Throughout the second stage, Reddick powered through the field and finished second to Larson. He ran second for the majority of the final stage and began hunting down Larson in a 27-lap sprint to the finish. Reddick maneuvered his car where he was most comfortable, rim-riding the wall and making a run for the win.
With two laps remaining, Reddick was within a quarter of a second of Larson. But the 2021 Cup Series champion blocked Reddick’s air and was able to hold off Reddick for the victory after leading a race-high 181 laps.
“We were pretty evenly matched, so I don’t know if there is anything that I could have done to get around him,” Reddick said of his battle with Larson. “He would have had to make a big mistake or had some traffic knock his momentum down.
“It’s a solid effort for our team and that’s how we need to run. I don’t like running second.”
Reddick mentioned that with Larson blocking, he couldn’t get out of the wake of his dirty air to get a good enough run on the leader.
“The wake isn’t wide, but you don’t ever want to follow someone into the corner,” Reddick added. “The air is so turbulent underneath the car after it exits the diffusor that drivers can use the block to their advantage.”
Larson dominated the race running the bottom lane, but when Reddick was closing in he began playing a cat-and-mouse game.
Larson said: “With two to go, he expected, I think, me to run the middle or top or something, and I was able to do kind of a nice lazy arc to the bottom and take his air away in the center of (Turns) 3 and 4 and got him tight.That killed his run down the front stretch, and thankfully that was the white flag. I knew as long as I hit my marks I was going to be safe to the checkered.”

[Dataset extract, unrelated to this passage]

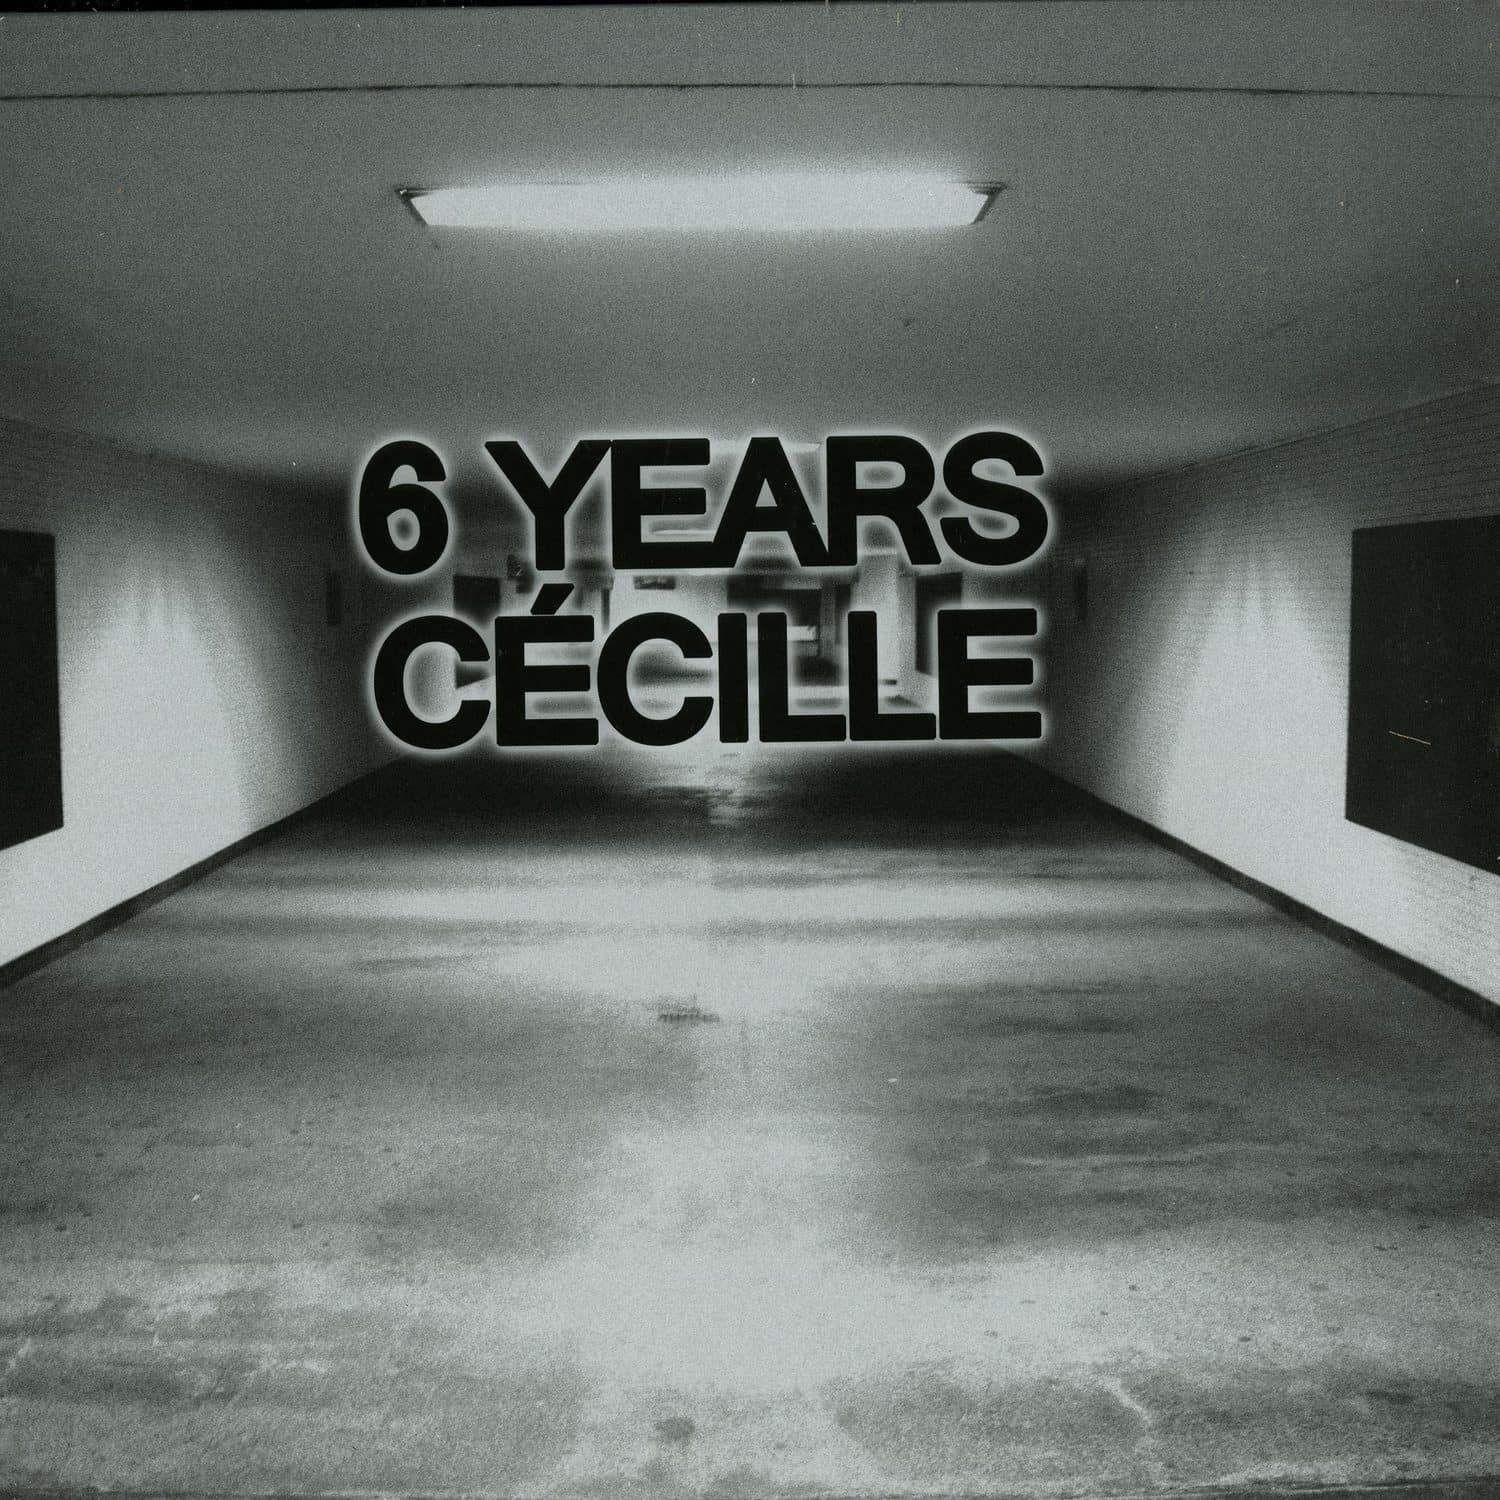 Various Artists - 6 YEARS CECILLE - 5X12 INCH LP BOX

This is the third time the two northern California drivers and longtime competitors swept the first two spots of a Cup Series race. Larson has come out with the upper hand on all three occasions. Sunday’s race at Las Vegas played out similarly to last year’s Southern 500 at Darlington Raceway, where Larson won by 0.447 seconds. In Sin City on Sunday, the margin of victory was 0.464 seconds. The first time they finished first and second was in the 2021 playoff race at the Charlotte Motor Speedway road course, advancing the No. 5 team to the Round of 8.

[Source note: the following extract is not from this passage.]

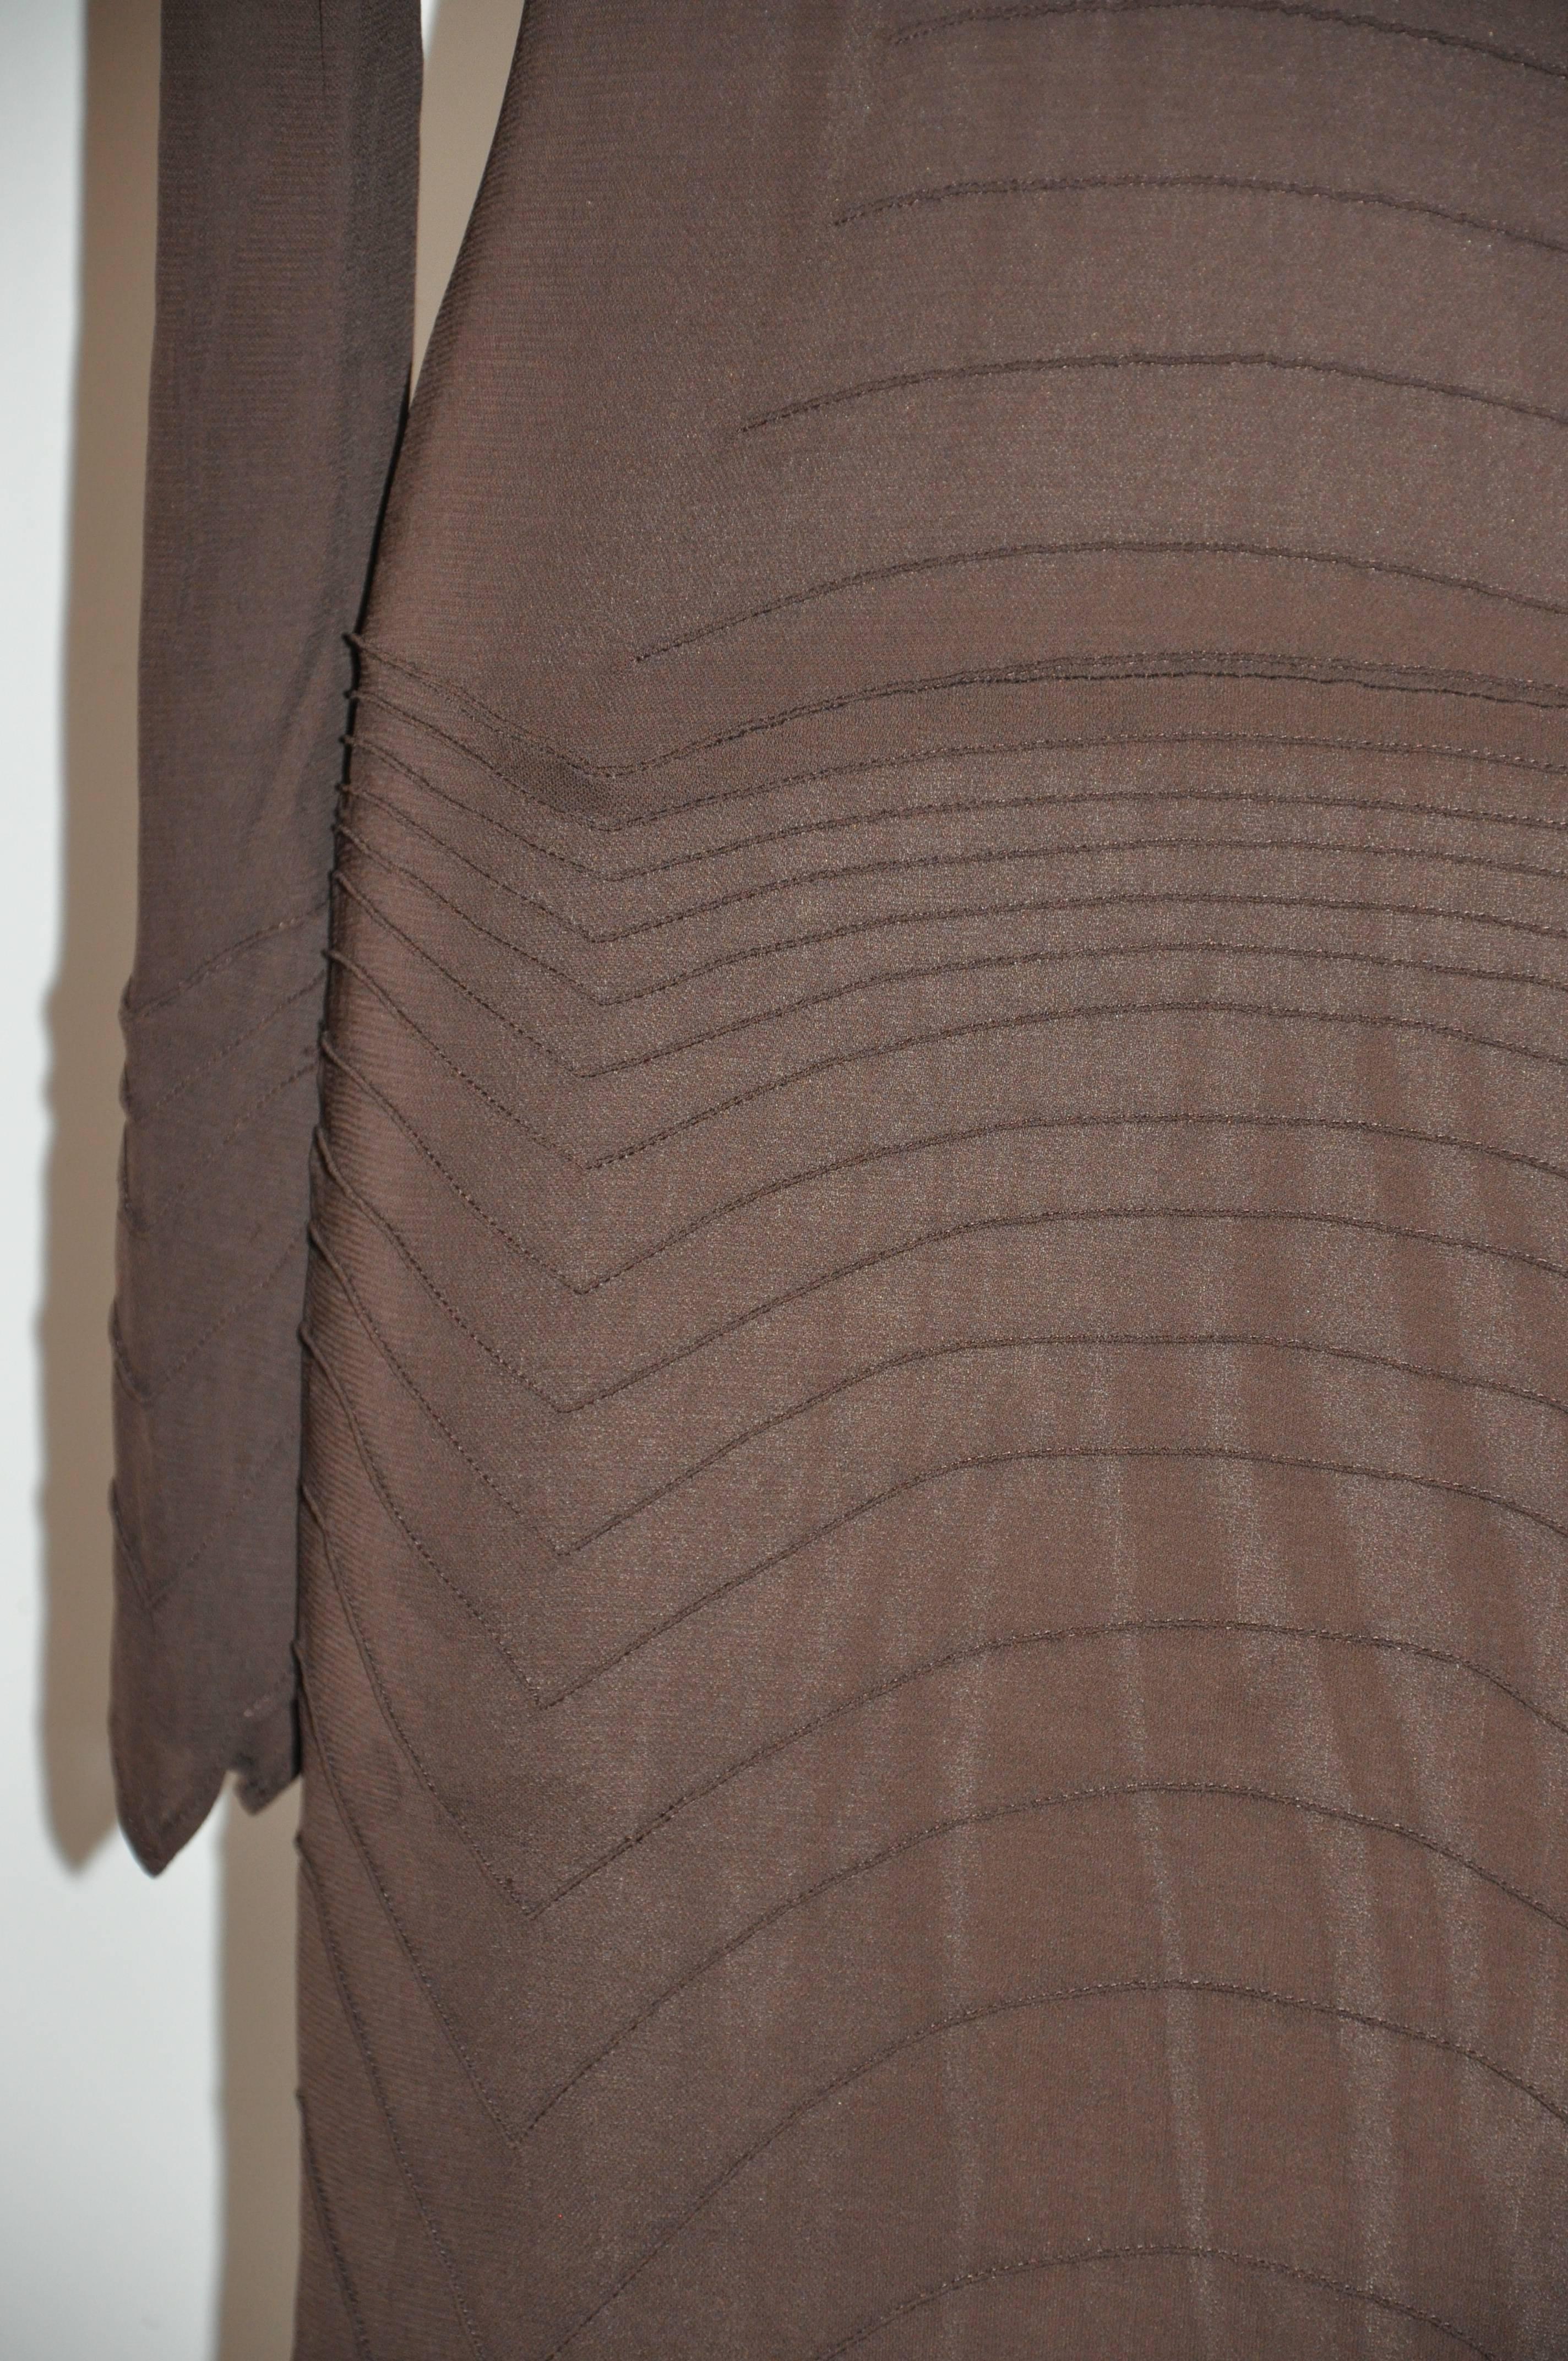 Yves Saint Laurent Coco Brown Form-Fitting Lined Jersey Dress In Good Condition For Sale In New York, NY

It was a much-needed finish for the No. 45 team, which had a best effort of 29th in the first two weeks of the season. The 53 points scored by Reddick vaulted him 12 positions higher in the regular season championship standings to 12th. That only slighted the disappointment of finishing runner-up.
“It’s good, surely,” Reddick said of getting his first top-five finish of the season. “Regular season points matter, but we’re capable of winning races and we need to do that.”
With Toyota debuting its new Camry body on a downforce track, Scott considers Las Vegas a success. The team sees it has speed and knows it can be competitive as it gets more comfortable with the inner workings of the car.
“With a new body for this year, you don’t really know what you have until you get out here and get your first intermediate race under you,” Scott added. “We’ve got a lot to build on. We had Tyler a year earlier than we were expecting last year. This was supposed to be our first year with him and we’ve got a lot of stuff that we’ve built on and a lot that we are optimistic about.”
Next on the schedule is Phoenix Raceway on March 10 (3;30 p.m. ET, FOX, MRN Radio, SiriusXM NASCAR Radio), which will allow Toyota to see how it ranks out of the gate on a shorter track with the new body. Reddick has finished third in the previous two spring races at Phoenix.